On December 18, 2018, the Department for Environment, Food & Rural Affairs and the Environment Agency of the United Kingdom (UK) published a policy paper titled “Our Waste, Our Resources:  A Strategy for England.” The paper outlines the strategy to be implemented for the preservation of material resources through minimizing waste, promoting resource efficiency, and moving towards a circular economy. The strategic framework to be put forth is guided by two objectives: (1) to maximize the value of resource use; and (2) to minimize waste and its impact on the environment. It aims to deliver five strategic ambitions to work towards:

  • Assuring that all plastic packaging on the market be reusable, recycled, or compostable by 2025;
  • Eliminating food waste to landfill by 2030;
  • Eliminating avoidable plastic waste over the lifetime of the 25 Year Environment Plan;
  • Doubling resource productivity by 2050; and
  • Eliminating avoidable waste of all kinds by 2050.

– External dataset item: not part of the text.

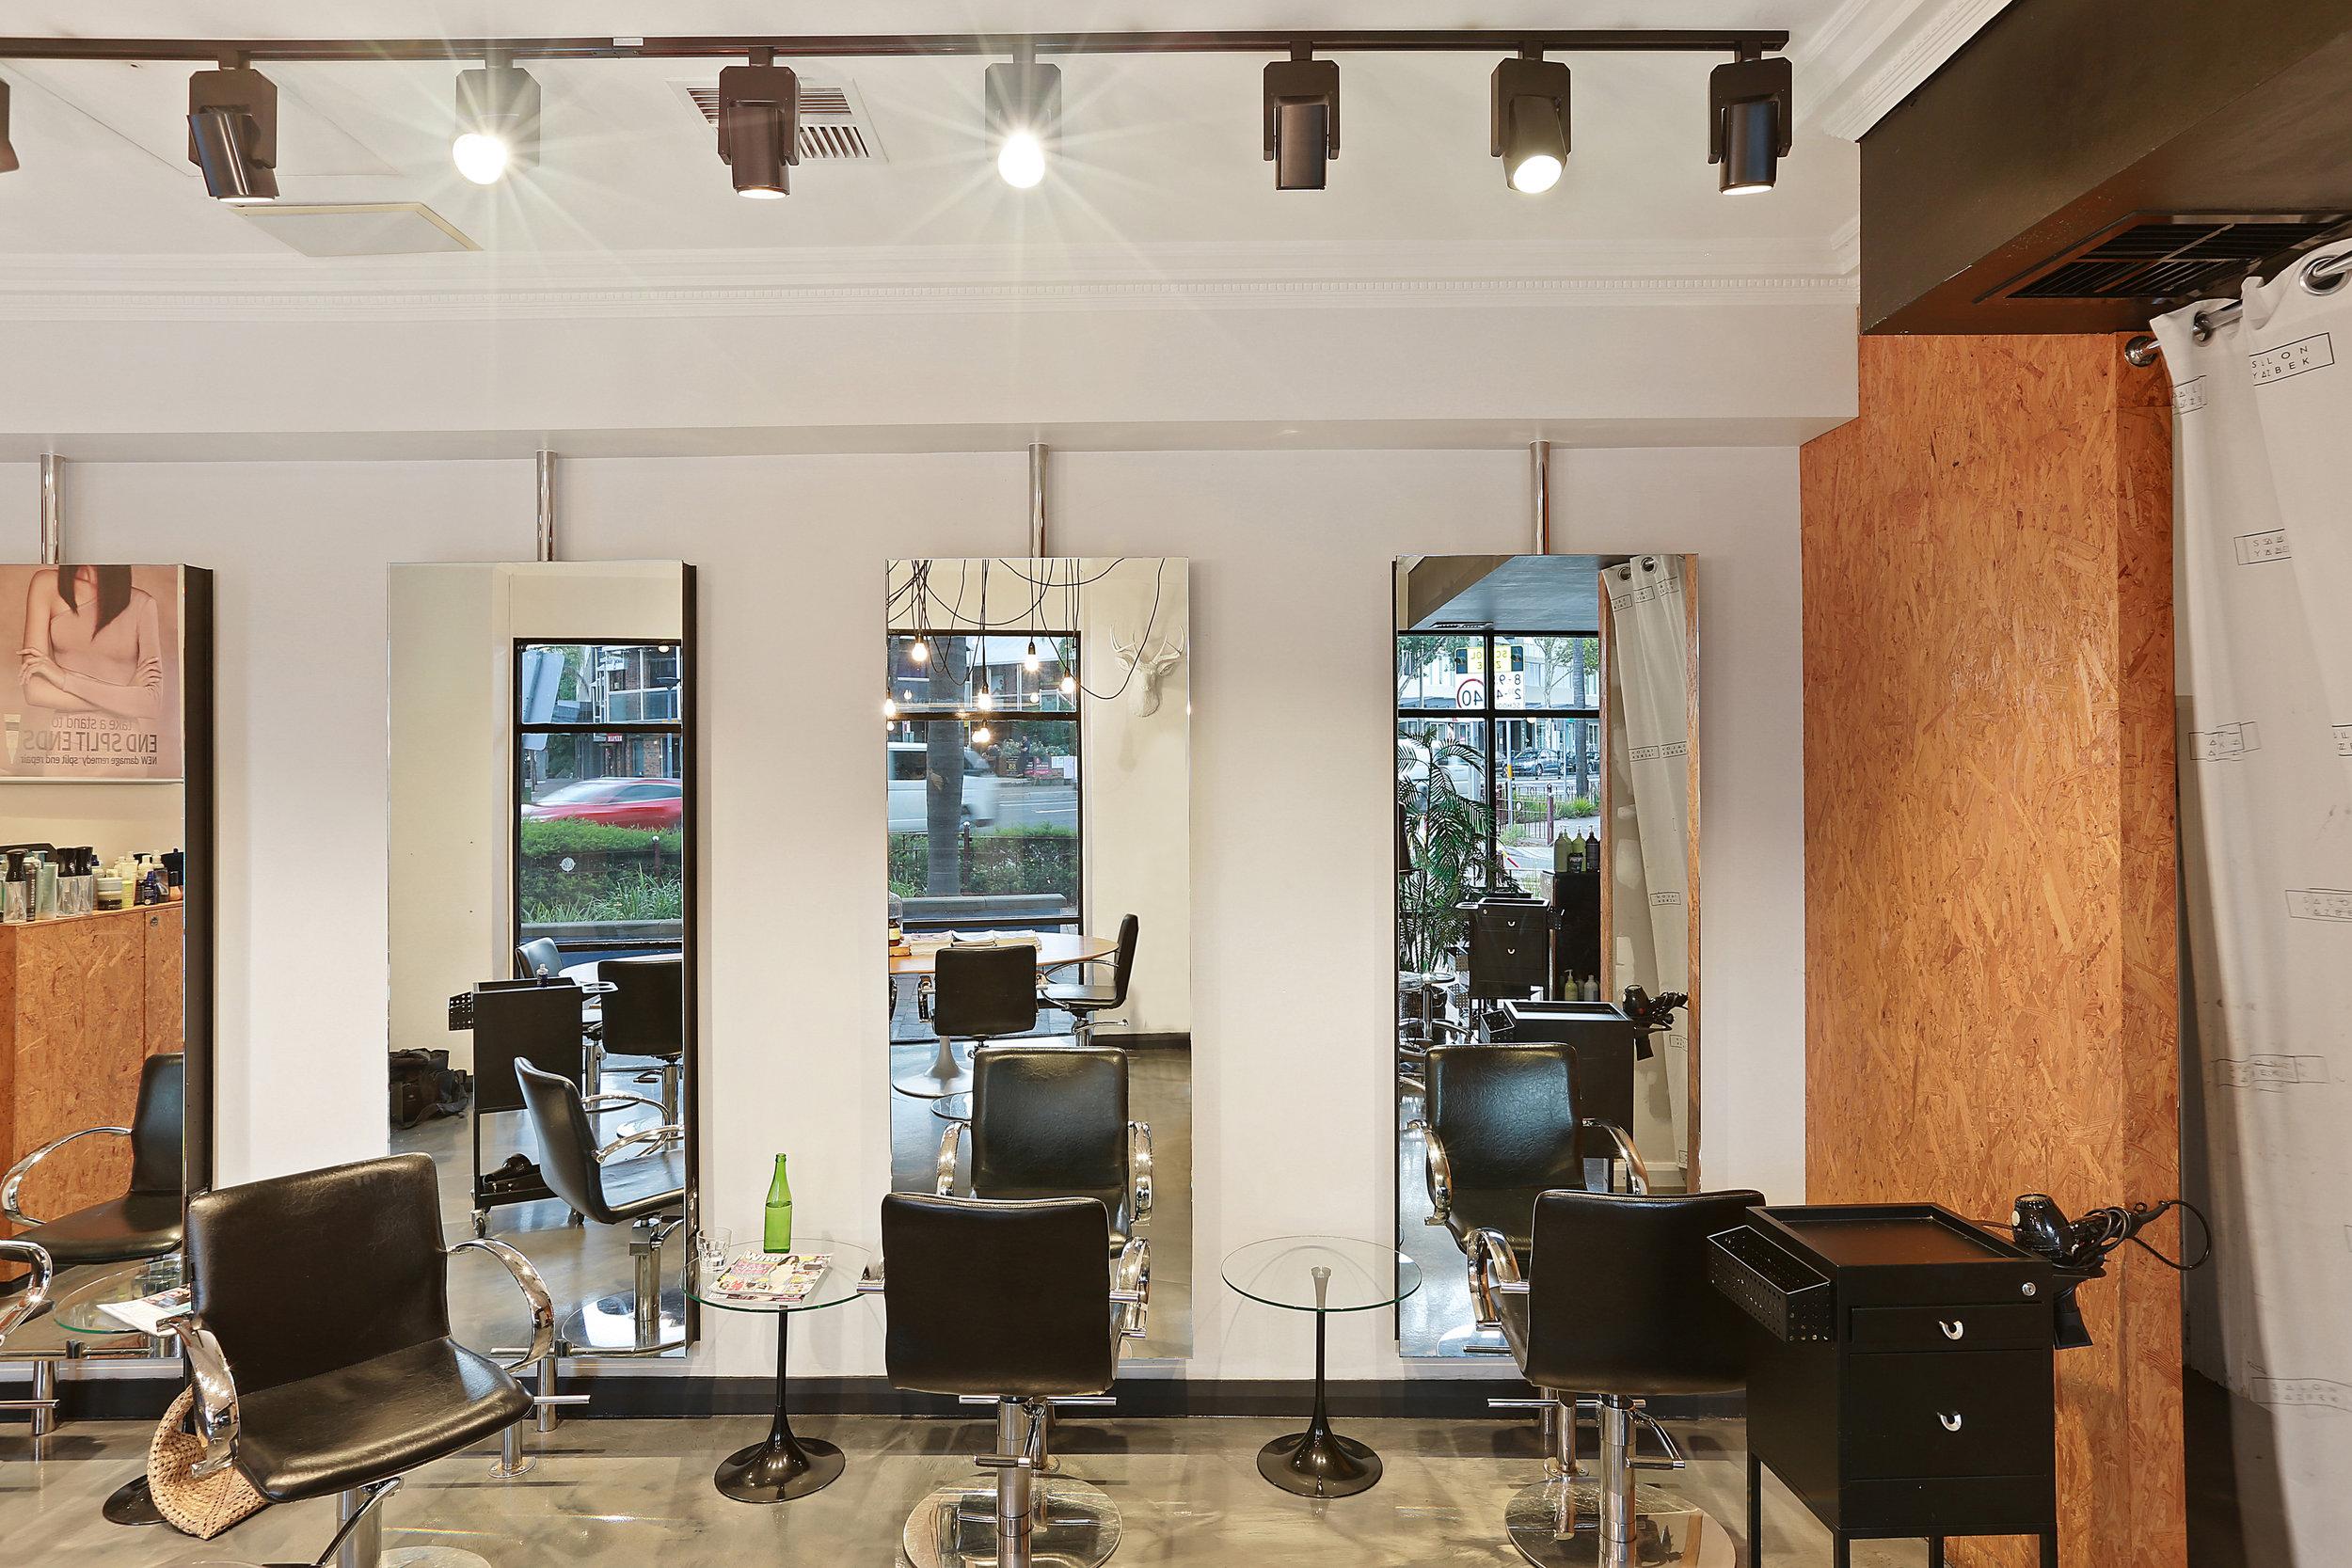 Salon_226_Military_Rd_Neutral_Bay_High_salon_hair_2.jpg

Meant to complement other government strategies related to environment and resource productivity, the framework focuses on innovation. The strategy, for example, includes the launching of a call for evidence on the development of standards for biobased and biodegradable plastics in early to mid-2019. Highlighting the potential use of biowaste in the production of biogas, the paper defines what is called a “lifecycle” approach that complements the model of a circular economy. To grow the UK’s bioeconomy, this “lifecycle” approach is designed to reduce waste through reusing biodegradable and biobased products to extend the lifetime of resources. It would include the production of a waste hierarchy and food surplus for animal feed or biomaterial processing, increasing resource efficiency and waste reduction.